St George's Hospital and G T Hospital were said to have received 75 bodies and more than 250 injured people, additional municipal commissioner R A Rajeev said. Bombay Hospital got two bodies and 30 injured people were admitted there; Cooper Hospital, Vile Parle, got three dismembered bodies.
Three of the deaths occurred inside the Taj and one G T Hospital attendant died in a shootout inside the hospital. There were reports of people cowering under tables and chairs at both the Taj as well as G T Hospital.

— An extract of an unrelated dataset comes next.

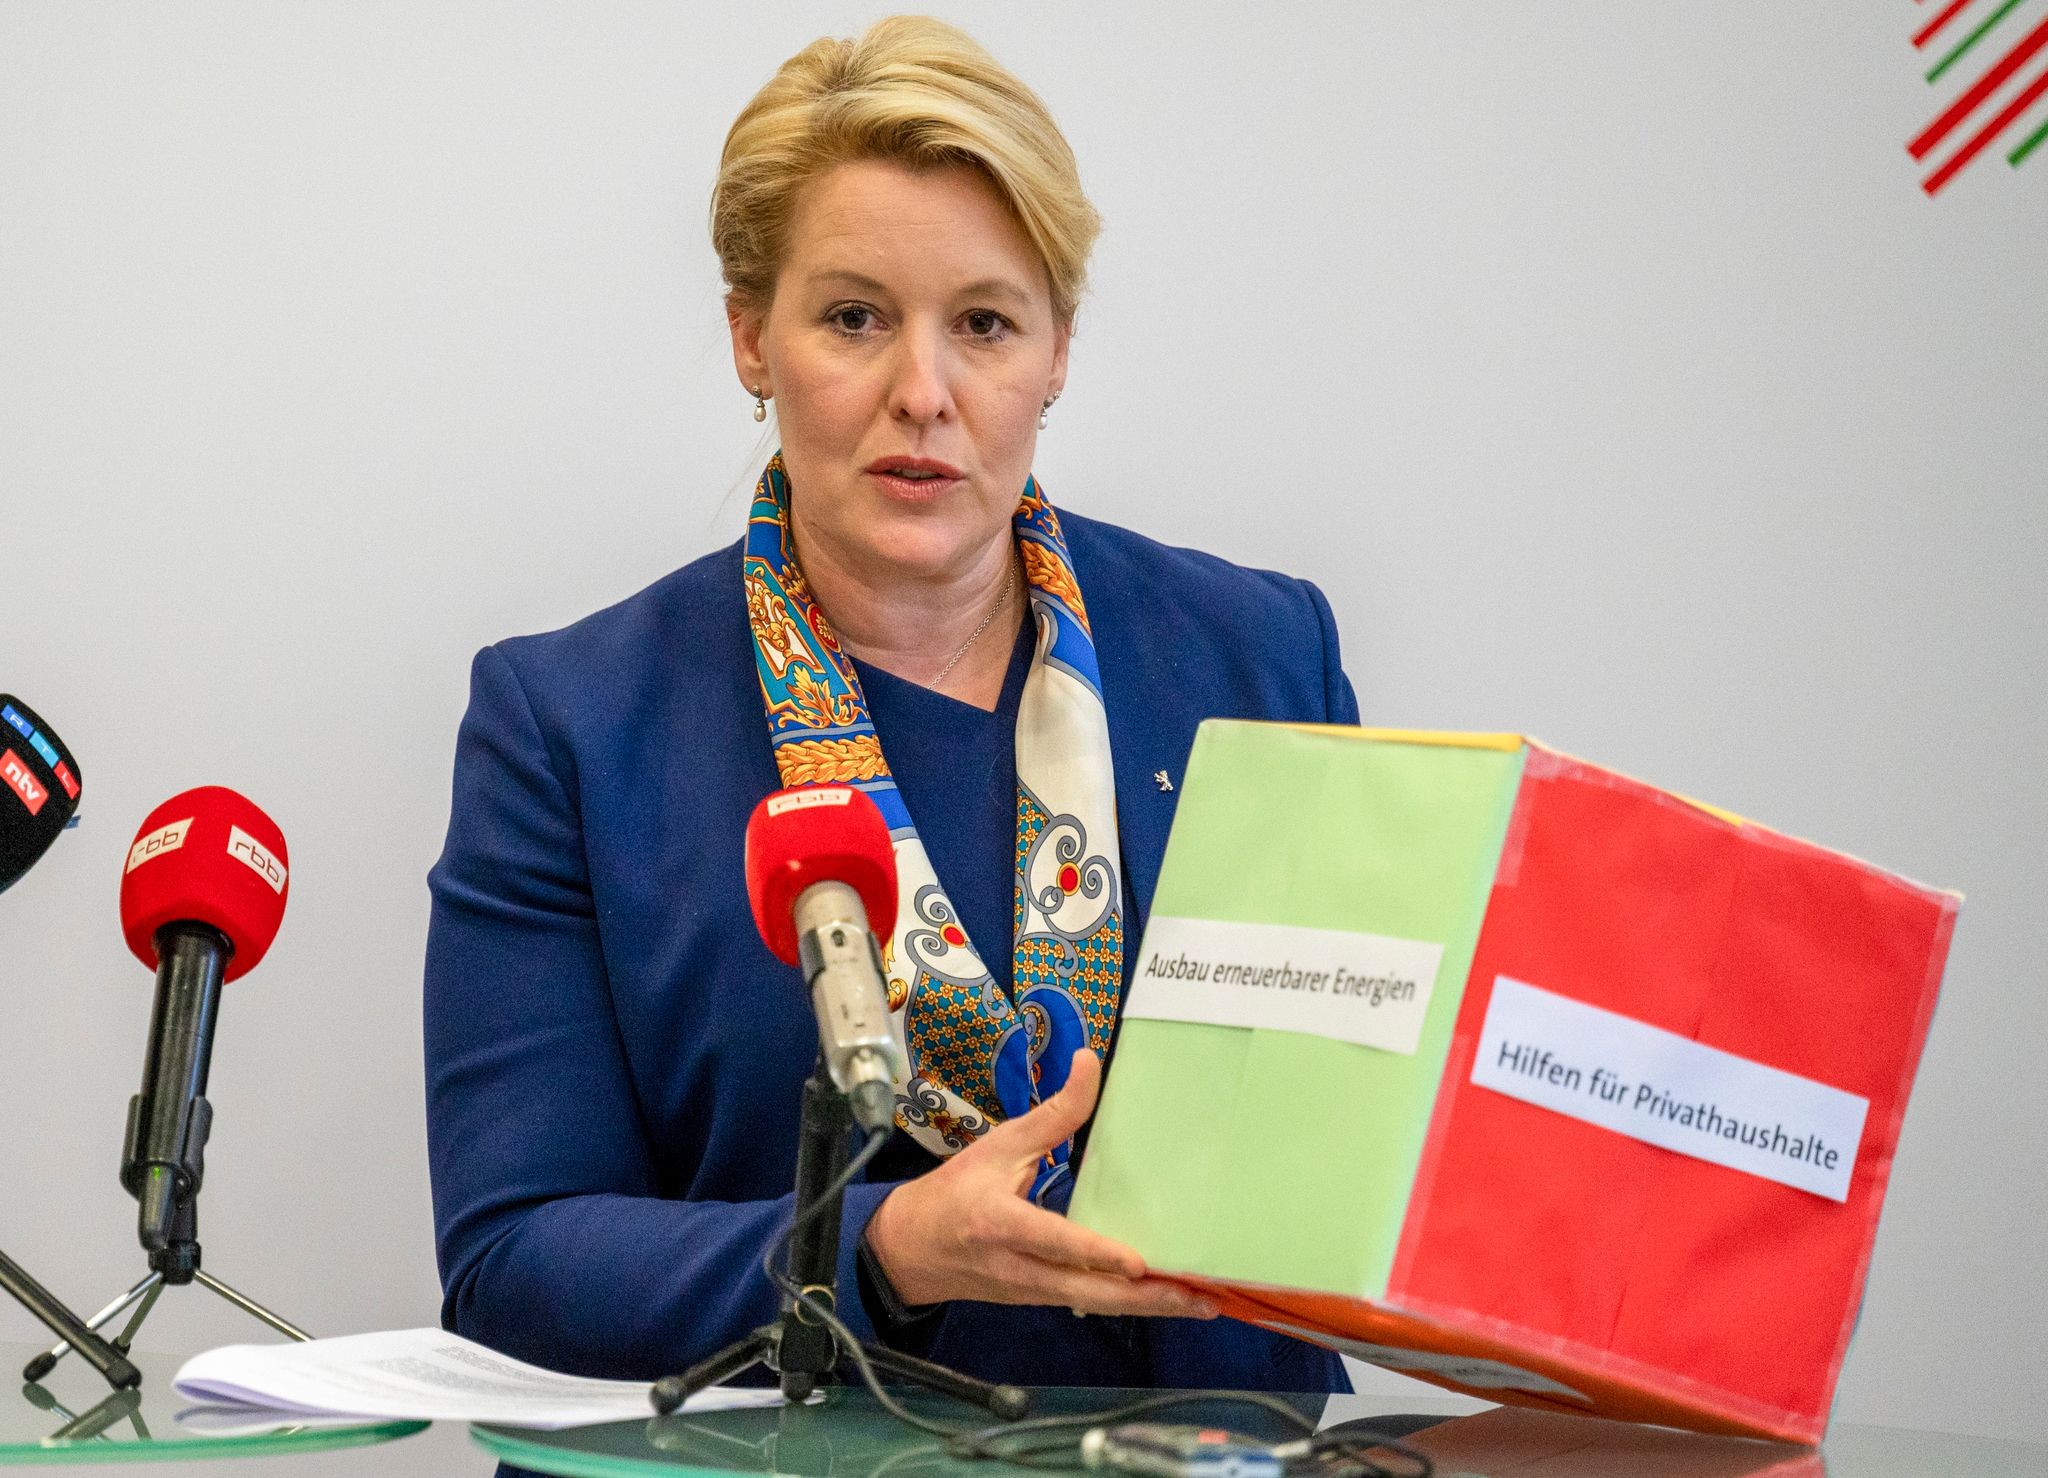 Franziska Giffey (SPD), Berlins Regierende Bürgermeisterin, hält ein symbolisches Entlastungspaket.

Metro Junction resident Manoj Goel said: "My brother, Manish, died in the firing at Colaba's Hamaal Galli." Cops fired back at the men -- probably from one of the Lashkar groups, dressed in black and with backpacks and SRPF, Crime Branch, ATS and teams of military commandos were summoned to the spot. Train services at CST were suspended and all roads leading to and from south Mumbai were blockaded.
Maharashtra Chief Minister Vilasrao Deshmukh cut short his Kerala visit and was returning to Mumbai. He described the situation in Mumbai as "very serious".
Deshmukh promised "stringent action" against the assailants but the mood across Mumbai was not so optimistic.
There were reports of firing around several landmark buildings in the Colaba-Nariman Point area, including the Taj hotel, Oberoi and other tourist attractions and pubs like Leopold's. The top floor of Oberoi was said to be on fire amid reports of blasts in the area and blood-smeared bodies were being brought out of the Taj lobby.
Terrorists were said to be holed up at the Taj as well as G T Hospital and cops scampered to cordon off these places. A white flag was seen fluttering from an Oberoi Hotel window around 11.20 pm, where a blast was said to have occurred.
The blast on the Western Express Highway -- near Centaur Hotel outside the airport -- occurred in a taxi, deputy commissioner of police Nissar Tamboli said.
The firing and bombing started close to the Gateway of India. The gunbattle then moved on towards CST and raged on for over an hour from 10 pm, sending commuters running out of the station.
The assailants also fired into the crowd at CST and people on the trains and then ran out of the station themselves and into neighbouring buildings, including Cama Hospital, after being challenged by cops.
SRPF personnel then entered the iconic BMC building -- just opposite CST -- to take aim at the assailants, BMC commissioner Jairaj Phatak said. "We fear some of the assailants are still inside the station and we want to catch them if they come out,'' a police official said.
Vikhroli police station senior inspector Habib Ansari was on his way to work from his Colaba home when he saw two armed men, with sophisticated weaponry, trying to run into bylanes near the Gateway of India."I rushed back to Colaba and all policemen, including GRP and RPF personnel, were called up," he added.